Your beliefs about sex are determined by the religion you adhere to.  Most view women as worth protecting since they bear children, and those that allow for prostitution and homosexuality teach that people who don’t want to shoulder the burdens involved with dealing with women as child bearers and companions should shag prostitutes or other men.

—————————————————————-

Men need to decide how they want it.  If virginity or chastity or exclusivity means nothing, and everything is just a free-for-all, then don’t expect us to do anything from kindness.  We will fuck only the men we find most attractive, make babies with them, and leave the rest of you to jerk off.  See any ghetto from South Central to Siberia.

In the past, simple logic sufficed to tell women they needed security and protection, and men that they needed to provide this for the women in their lives.  Lesbians and Gay men manage to do this for one another, even under what may seem to others, confusing circumstances.  If I am in a relationship with a weaker, less logic driven woman, I understand that I am the “man” in the relationship.  If with a stronger, more logic driven woman, I am the “woman”.  I have never been in a relationship with someone who was dead even with me in those ways, or seen one, but I would imagine that they would share somehow, but certainly not refuse to be each other’s protectors.

There are limits.  Just as a man should not expect the woman to bear the entire emotional and social weight of the family, the woman should not expect the man to be a cash machine on an incubator.  However, if I am providing sexual release, nurturing, emotional support, and being the social reflection of the man’s stability and status, whether as primary partner/wife or secondary/mistress, and he is not providing me with any protection or security, I am a sucker in an unbalanced relationship.

This isn’t about entitlement.  It’s about balance.  You want an altruistic saint to open her legs and her heart for nothing, then invest in a lot of hand lotion.

What of love, you say?  Men who understand the exchange have no troubles eliciting love in women.  They establish dominance, inspiring admiration, respect, and then trust and dependency.  They either do this the civil way as alpha-enough for family purposes leaders, or they do it as “raiders” who pass through a woman’s life and make her want to follow them to whatever adventure it is they seek…or wait for him at the port “sewing shoes”.

Every truly powerful man with women on the side is making sure none of those women has to go in the streets to pay her bills.  While she’s out there, she might get snatched by someone else, consensually or non consensually…and then he might have to kill someone.

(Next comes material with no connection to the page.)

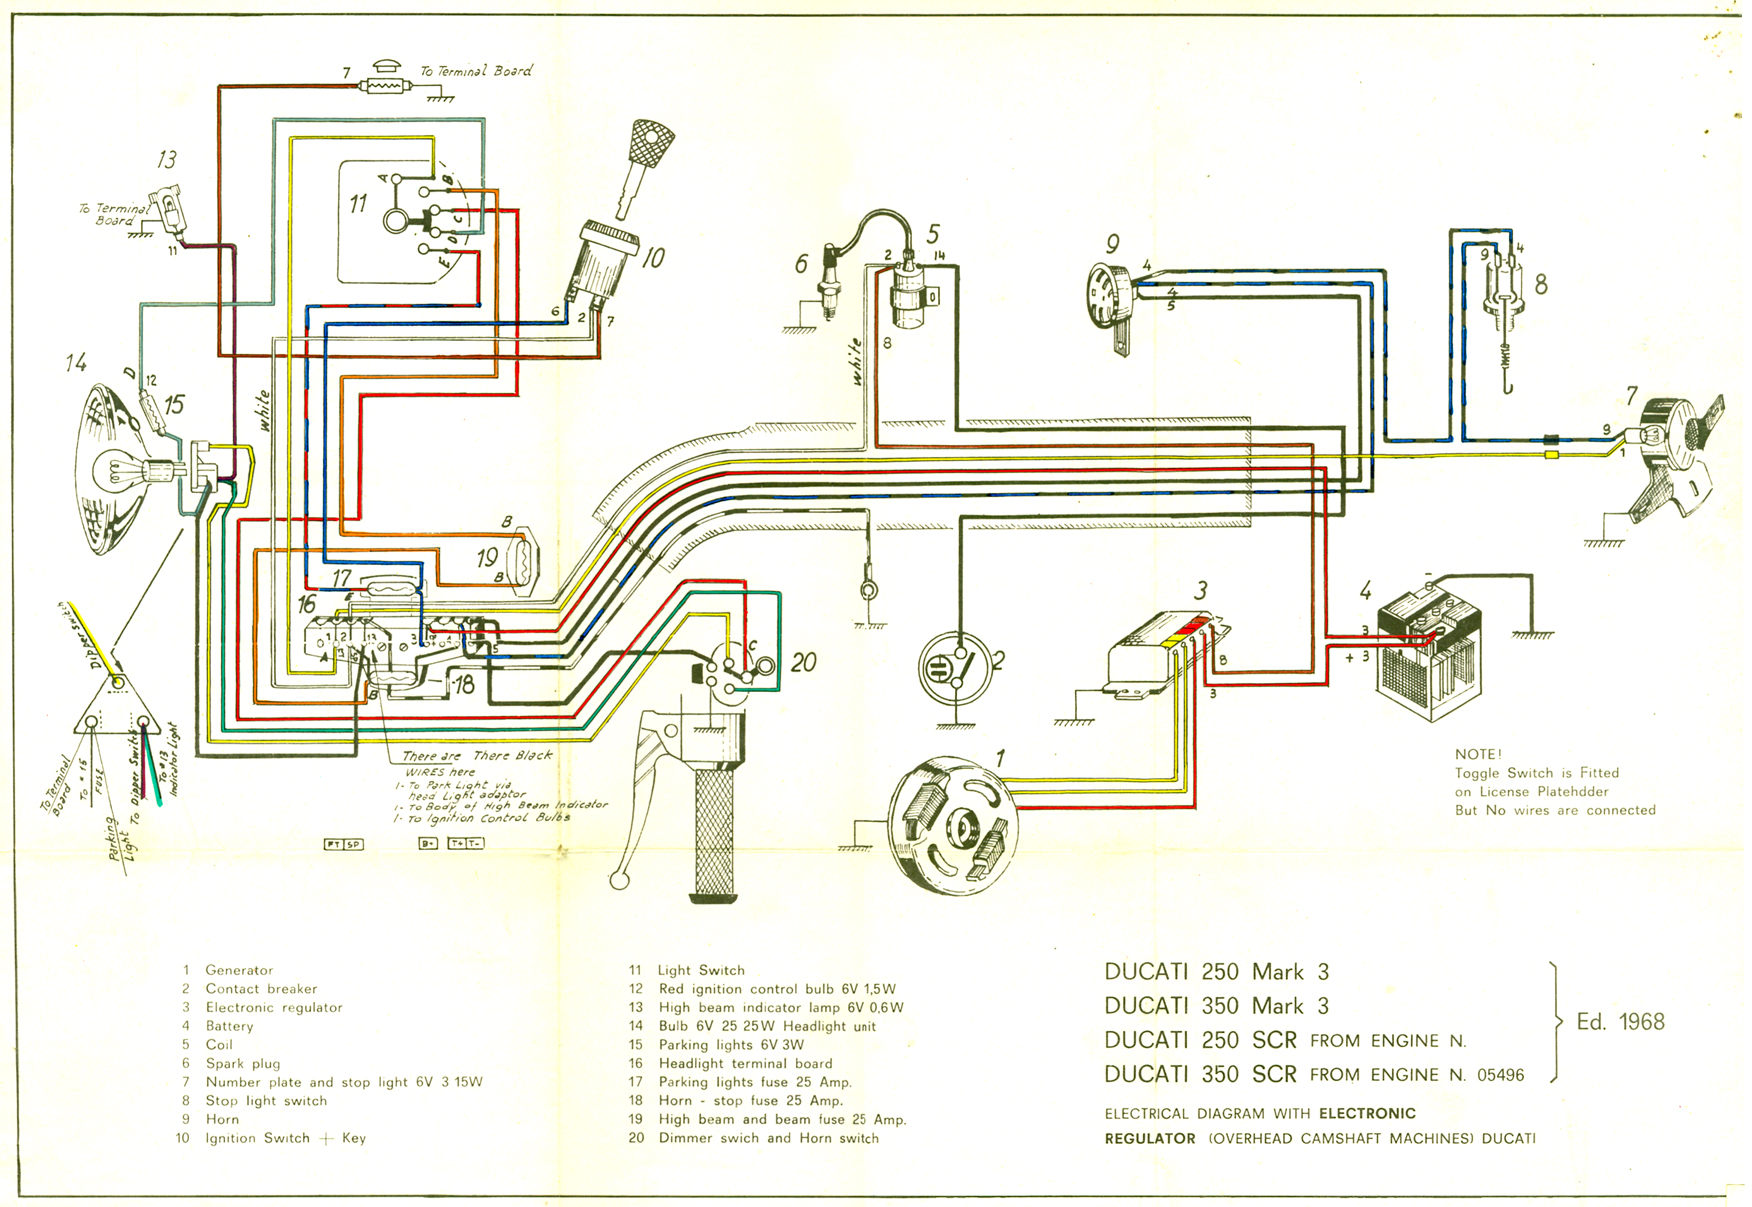 Xrm 110 Electrical Wiring Diagram On Images Free Download
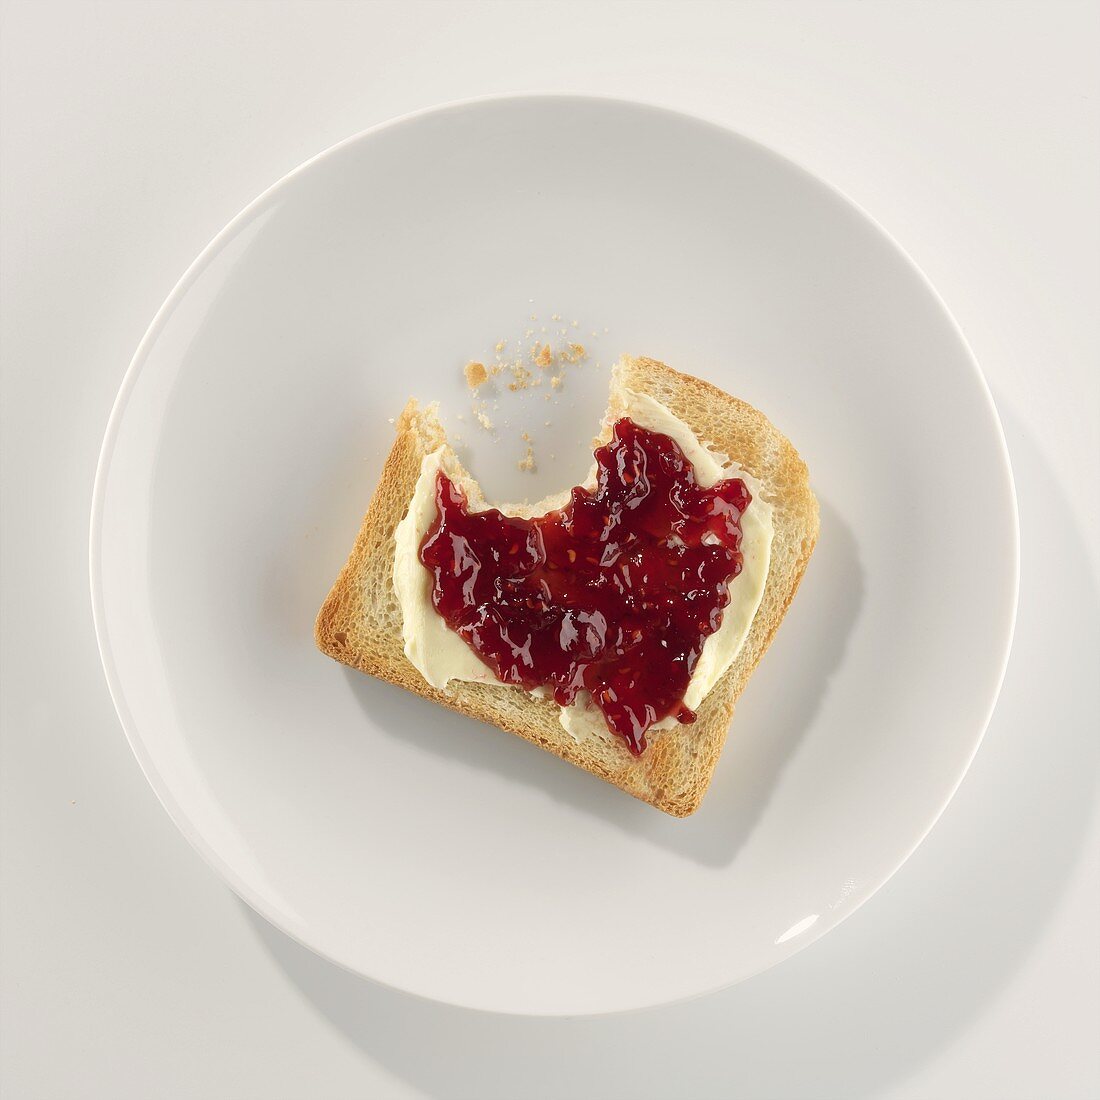 A slice of toast with butter and jam, a bite taken

Letting what’s yours float around without any concern for what it’s doing or what happens to it is the behavior of peons who may like to think they are kings, but have no authority or real status…and women are hypergamous.  If you don’t invest in your territory, then you aren’t worthy of it.

So this isn’t about what the women are worth.  It’s about what you are worth.

IronWynch

My pronouns are whatever you're comfortable with as long as you speak to me with respect. I'm an Afruikan and Iswa refugee living in Canaan. That's African American expat in Israel in Normalian. I build websites, make art, and assist people in exercising their spirituality. I'm also the king of an ile, Baalat Teva, a group of African spirituality adherents here. Feel free to contact me if you are in need of my services or just want to chat.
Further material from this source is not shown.